MontajMontajdocs

Quick Start

Your first video edit with Montaj — headless and with UI.

Quick Start

Send It to Your Agent

The fastest way to get started is to paste this into your AI agent:

Install Montaj from https://github.com/theSamPadilla/montaj, then read skills/onboarding/SKILL.md to get us started.

Headless — Agent Edits, Renders, Done

montaj run ./clips --prompt "tight cuts, remove filler, 9:16"

This runs the default workflow (overlays) against all clips in the directory.
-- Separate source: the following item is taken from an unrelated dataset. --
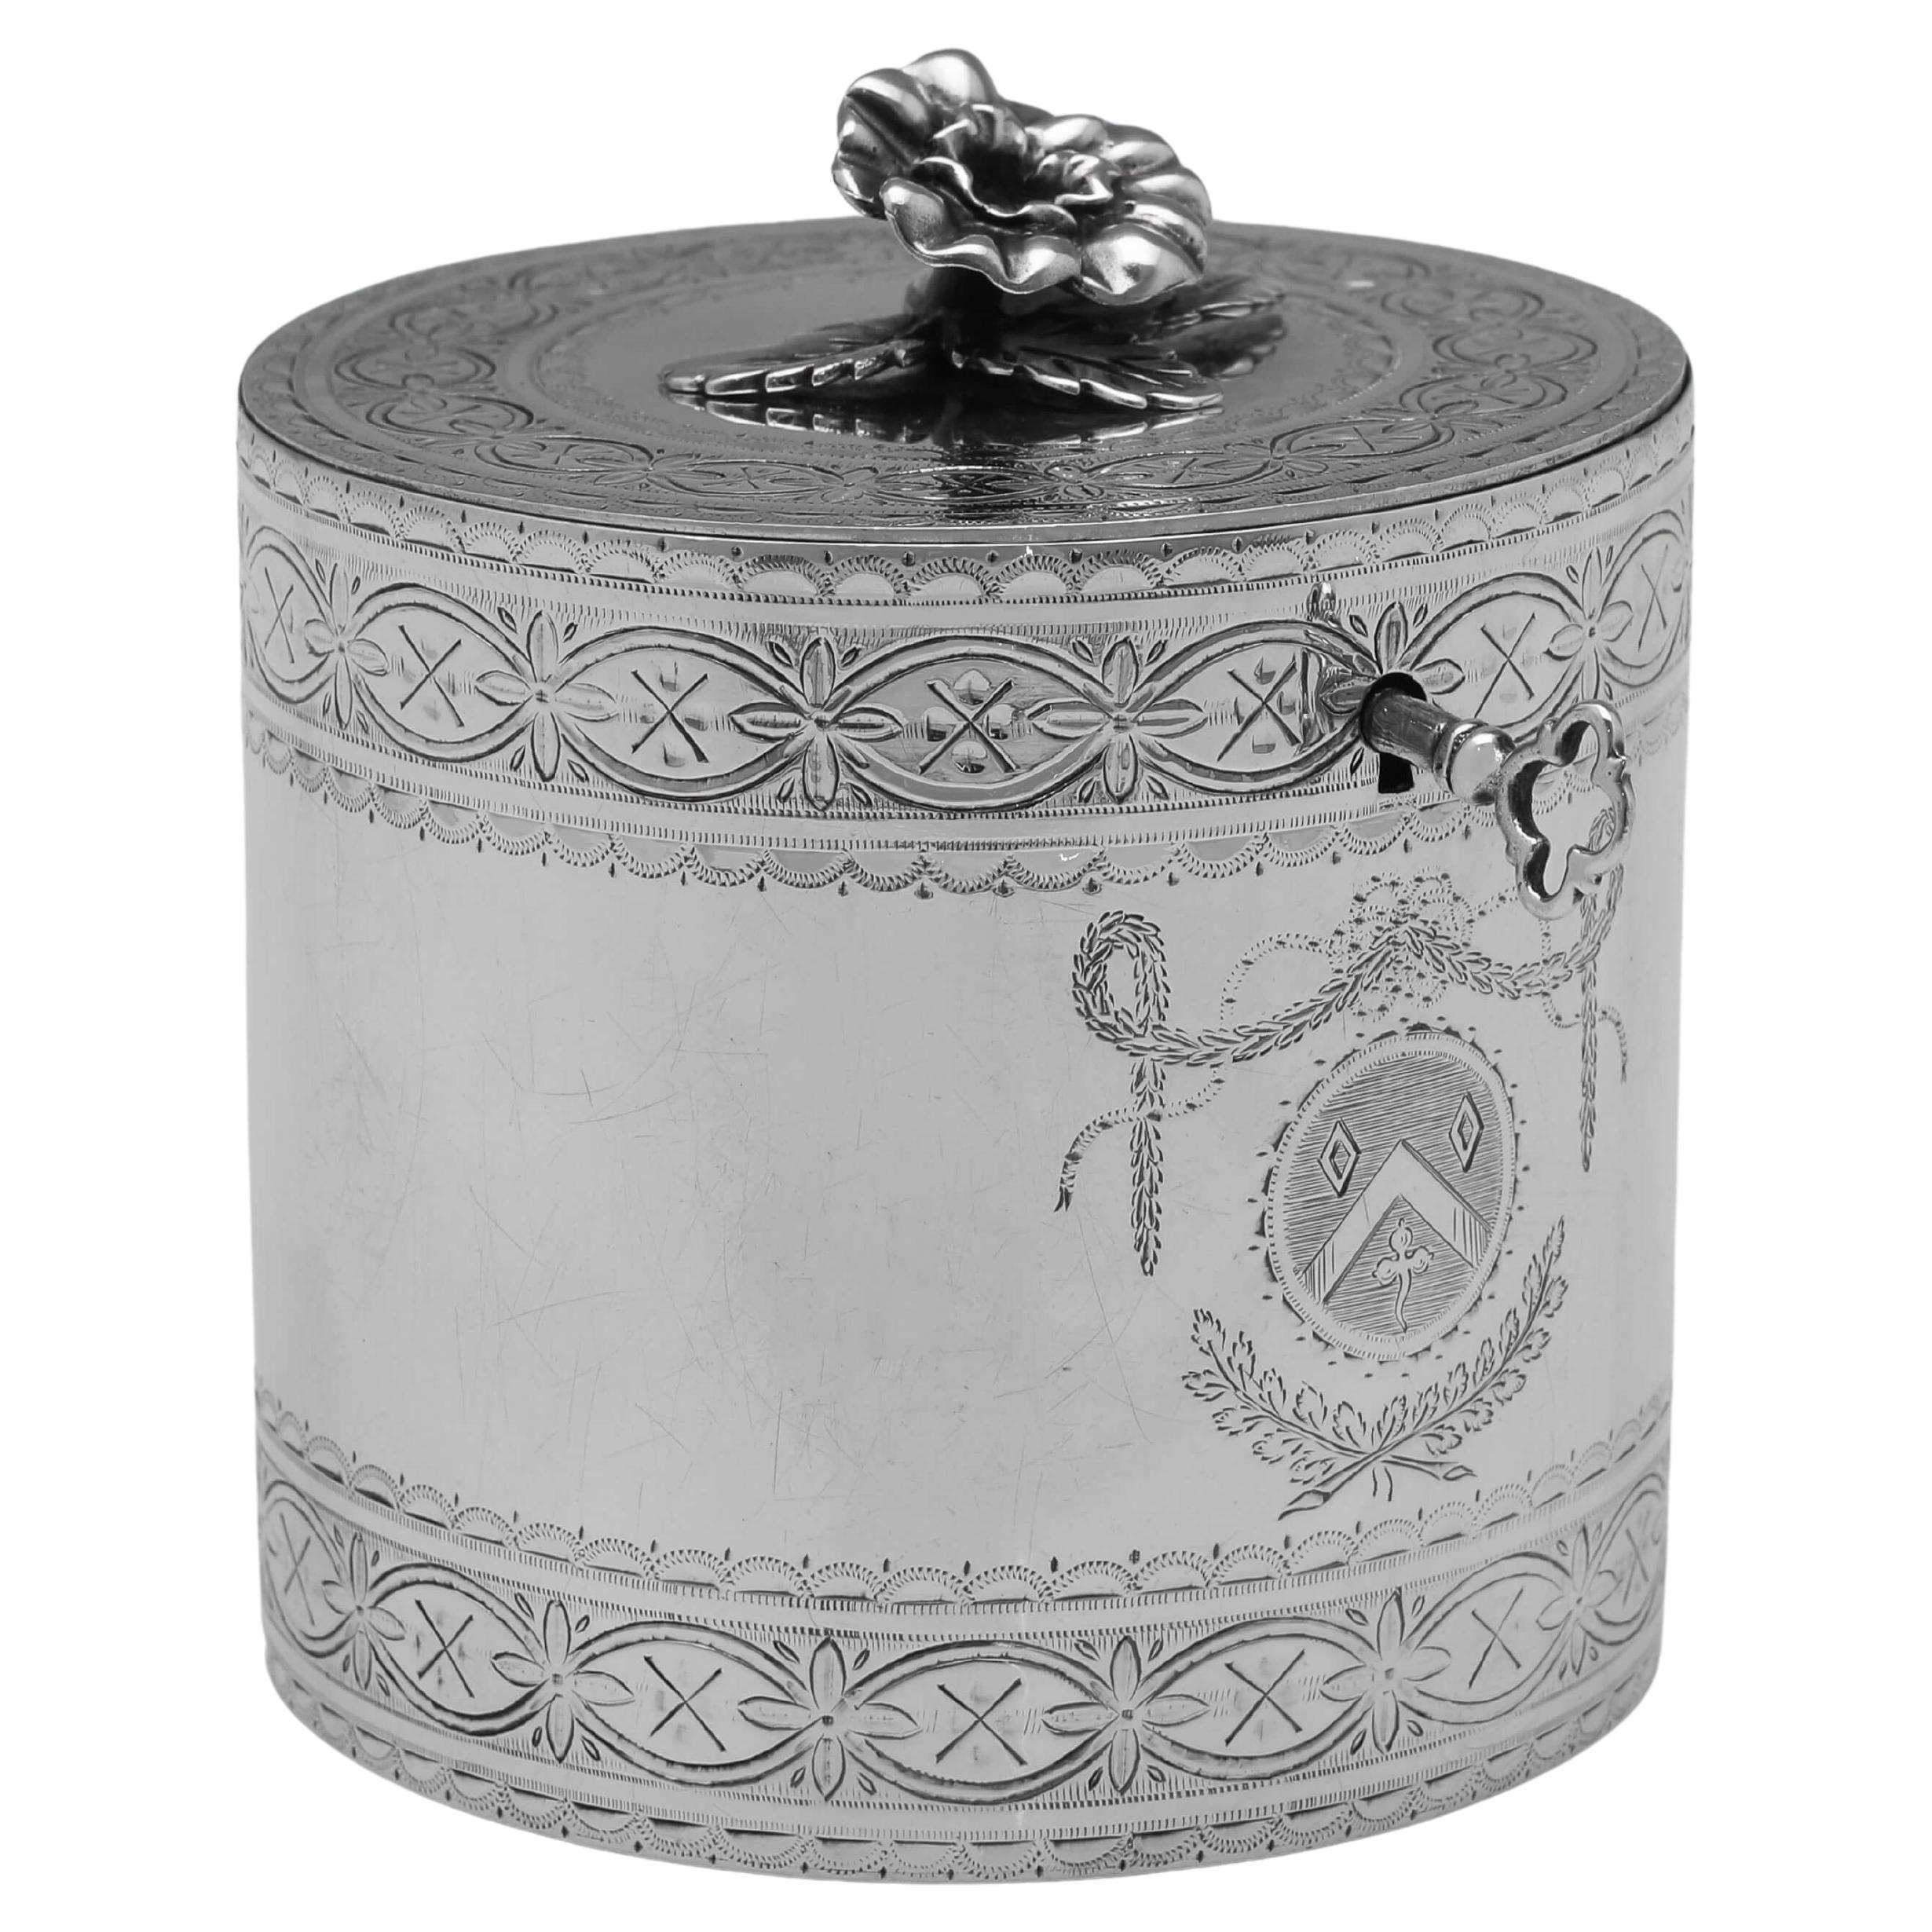 Neoclassical George III Period Antique Sterling Silver Tea Caddy - London 1775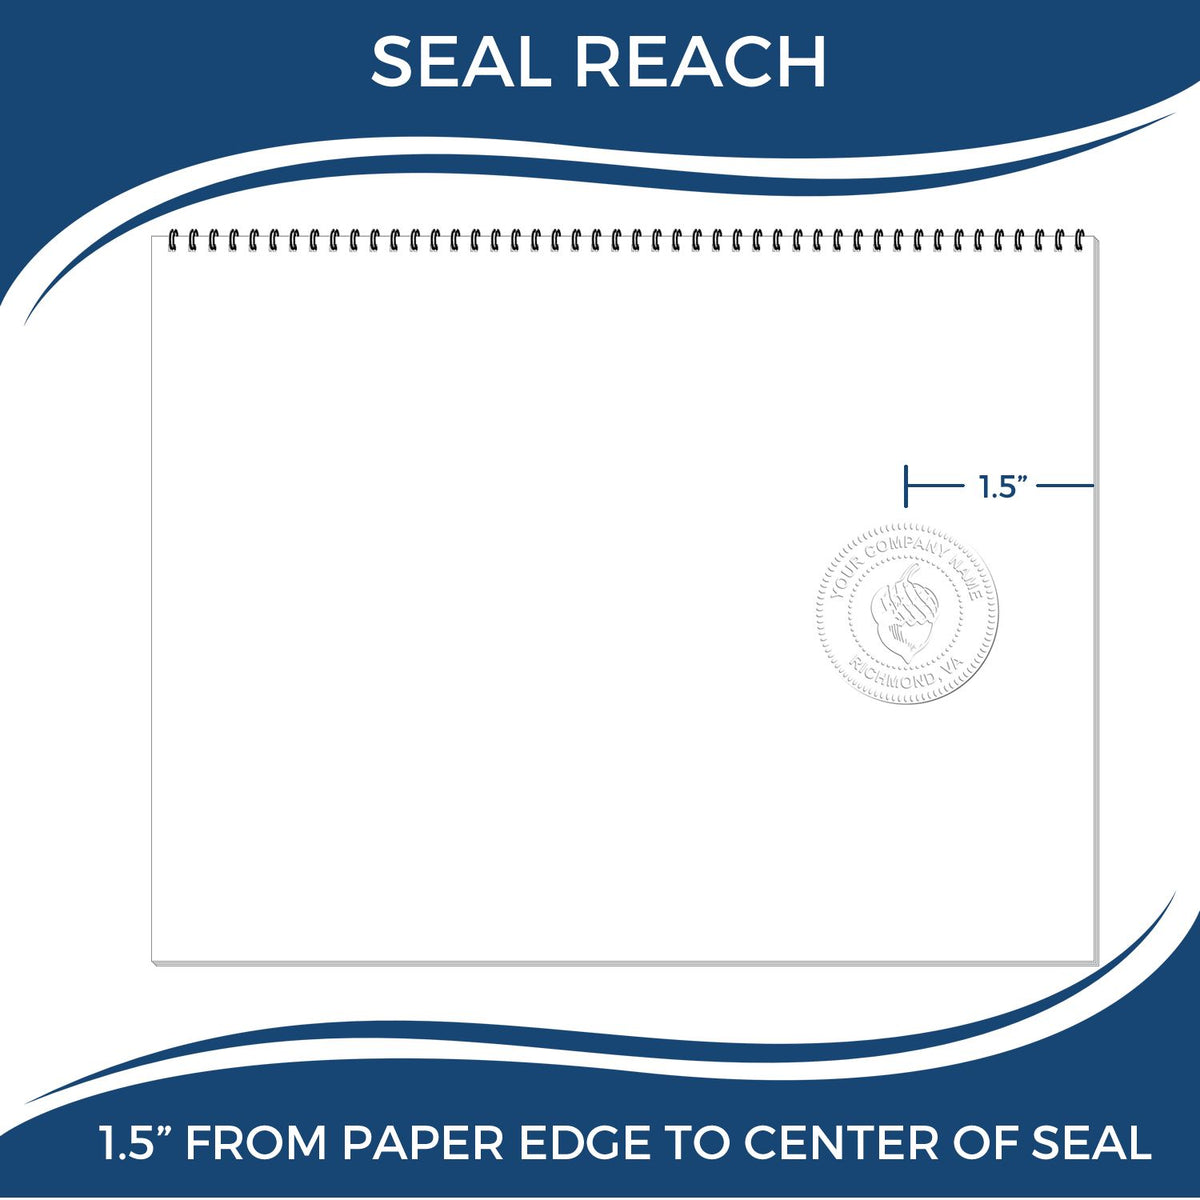 An infographic showing the seal reach which is represented by a ruler and a miniature seal image of the Hybrid Rhode Island Land Surveyor Seal

The pipeline:

  1. Creates project.json [pending] with clip paths, prompt, and workflow name
  2. Agent picks it up, reads the workflow, calls steps as tools
  3. Agent writes project.json as it works
  4. Agent marks project [draft] when the edit is complete

With a Named Workflow

montaj run ./clips --workflow tight-reel --prompt "tight cuts, upbeat pacing"

Animation Project (No Source Footage)

montaj run --workflow animations --prompt "60s animated explainer, dark theme"

With UI — Watch the Agent Work Live

montaj serve

Opens http://localhost:3000 with the browser UI. From here you can:

  1. Upload — drag and drop clips, write your editing prompt, select a workflow
  2. Live View — watch the agent build the edit in real time via SSE
  3. Review — adjust the timeline, captions, and overlays when the agent finishes
  4. Render — trigger the final render to MP4

Render

After the agent finishes (or after your review), render to a final MP4:

montaj render

With explicit paths:

montaj render --project ./workspace/project.json --out ./output/final.mp4

Clean up intermediate files after compositing:

montaj render --clean

What Happens Under the Hood

montaj run ./clips --prompt "tight cuts"

    ├── Creates project.json [pending]
    ├── Reads workflows/overlays.json (default)

    │   Agent takes over:
    ├── probe + snapshot → understand the clips
    ├── waveform_trim → detect and remove silence
    ├── transcribe → word-level transcript
    ├── rm_fillers → remove um/uh/hmm
    ├── select_takes → pick best takes from repeats
    ├── concat → join clips in a single encode pass
    ├── caption → animated caption track
    ├── overlays → custom JSX title cards, lower thirds
    └── resize → 9:16 for shorts/reels

Every step outputs a result to stdout. Steps chain — the output of one becomes the input of the next. No intermediate video files are created until concat — all editing steps work with trim specs (timestamp ranges) that get applied in a single encode pass.